### WHAT YOU SHOULD DO
With the pictures left out, set down the line containing "Das Bild zeigt" and each line after it to the end of the material, exactly as written.

### PROVIDED MATERIAL
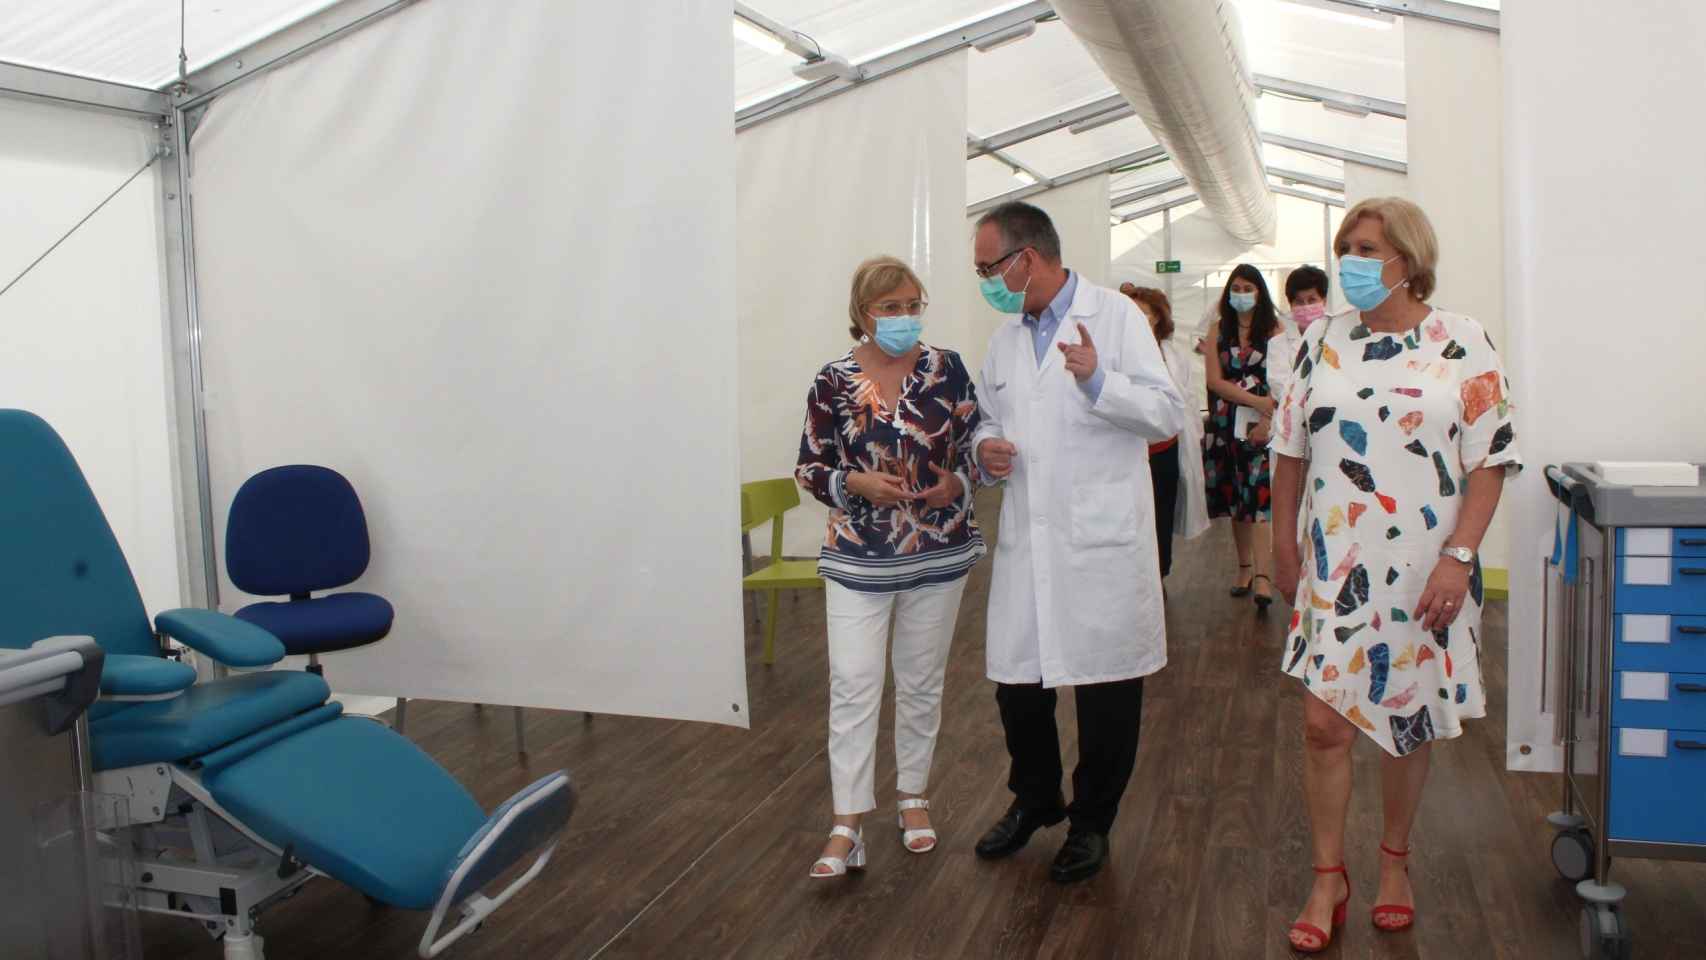 La consellera Ana Barceló en una visita anterior a los centros de vacunación masiva.
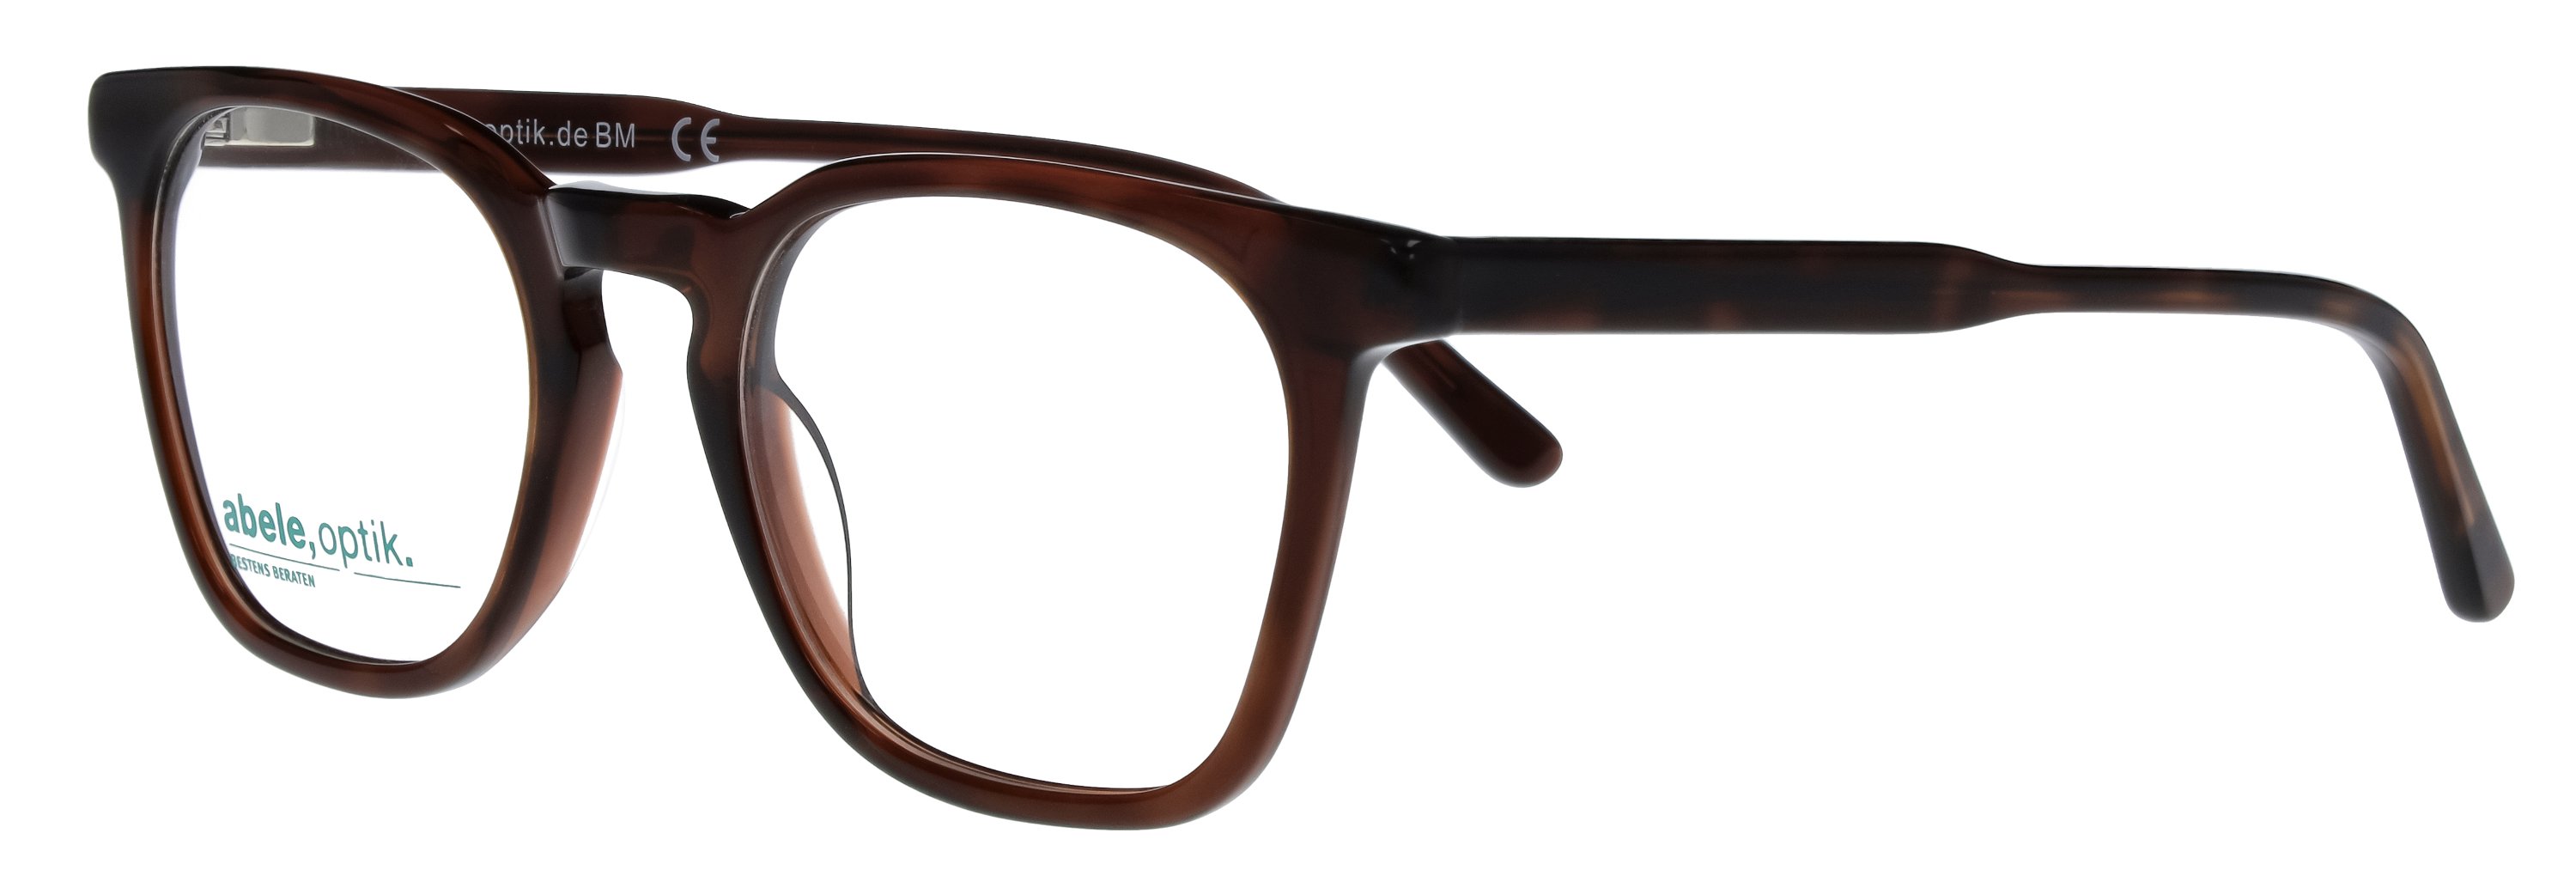 Das Bild zeigt die Korrektionsbrille 148861 von der Marke Abele Optik in braun transparent
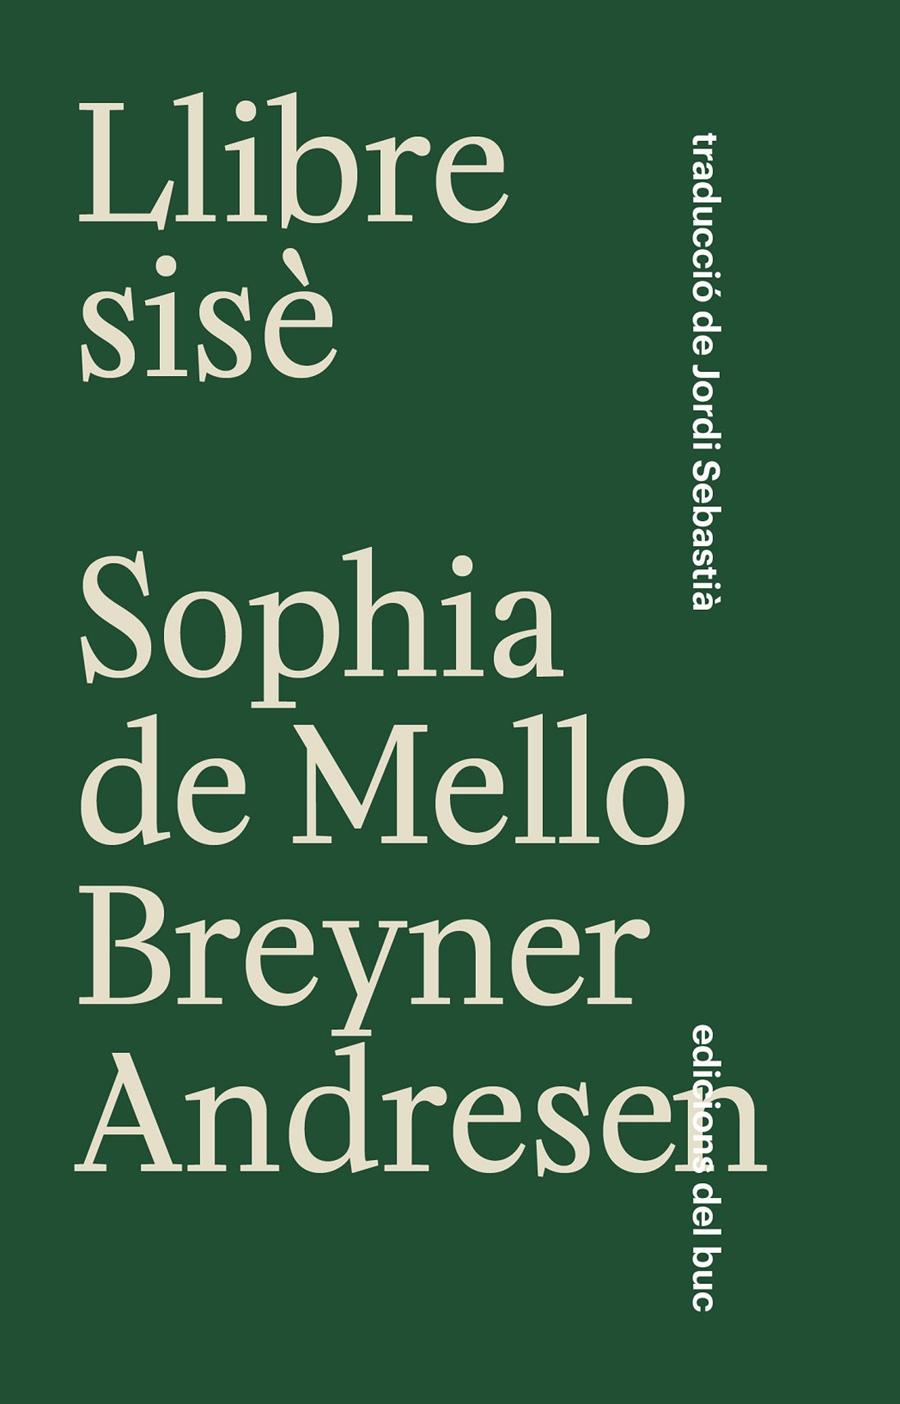 Llibre sisè [Edició bilingüe] | de Mello Breyner Andersen, Sophia | Cooperativa autogestionària
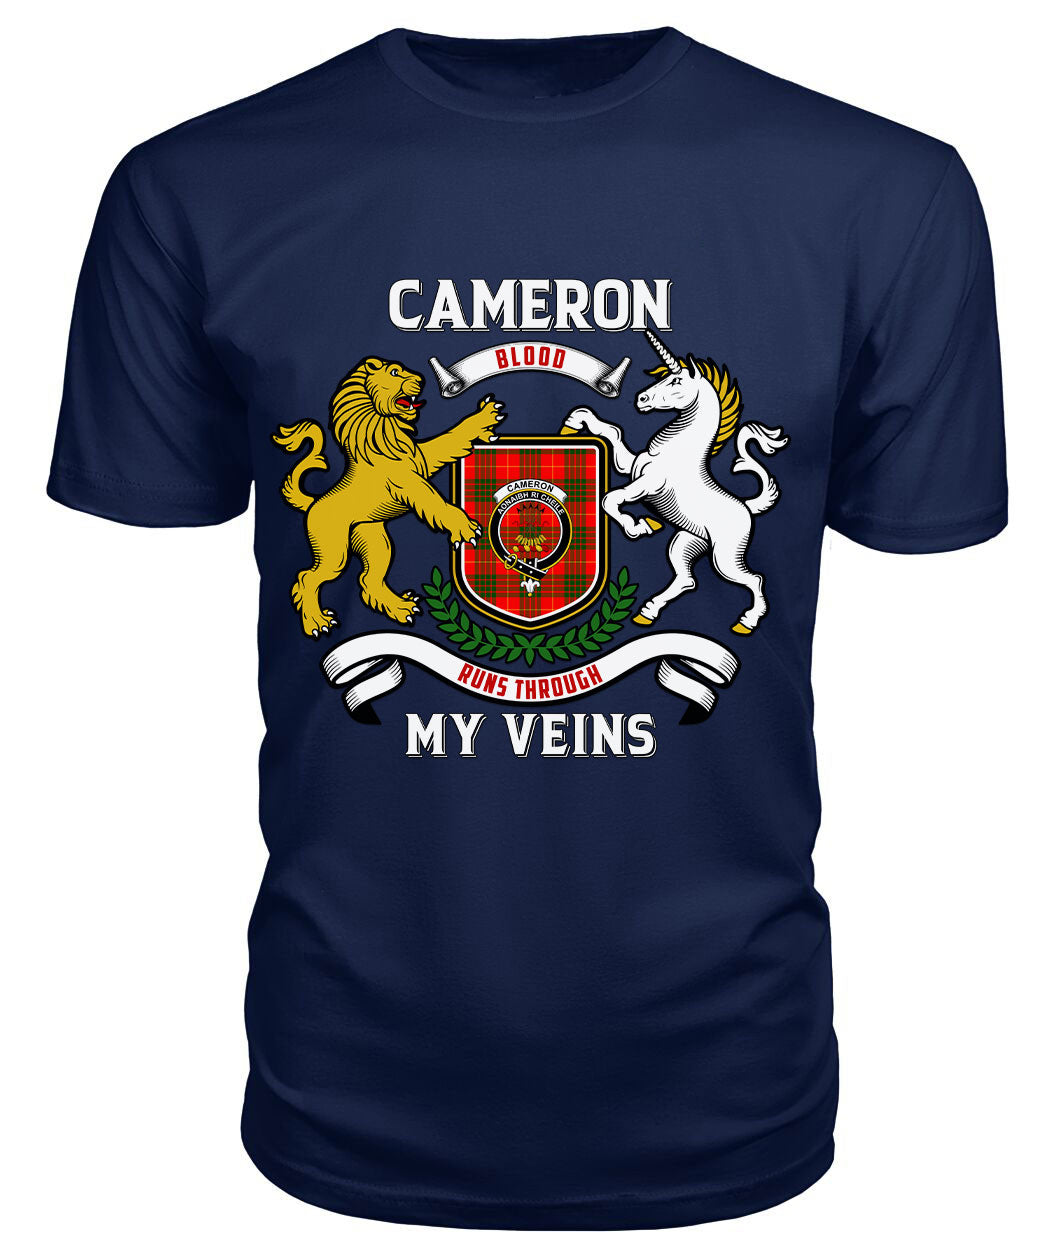 Cameron Modern Tartan Crest 2D T-shirt - Blood Runs Through My Veins Style

### EXERCISE SOLUTION
 Das Bild zeigt die Korrektionsbrille 148861 von der Marke Abele Optik in braun transparent
 Llibre sisè [Edició bilingüe] | de Mello Breyner Andersen, Sophia | Cooperativa autogestionària
 Cameron Modern Tartan Crest 2D T-shirt - Blood Runs Through My Veins Style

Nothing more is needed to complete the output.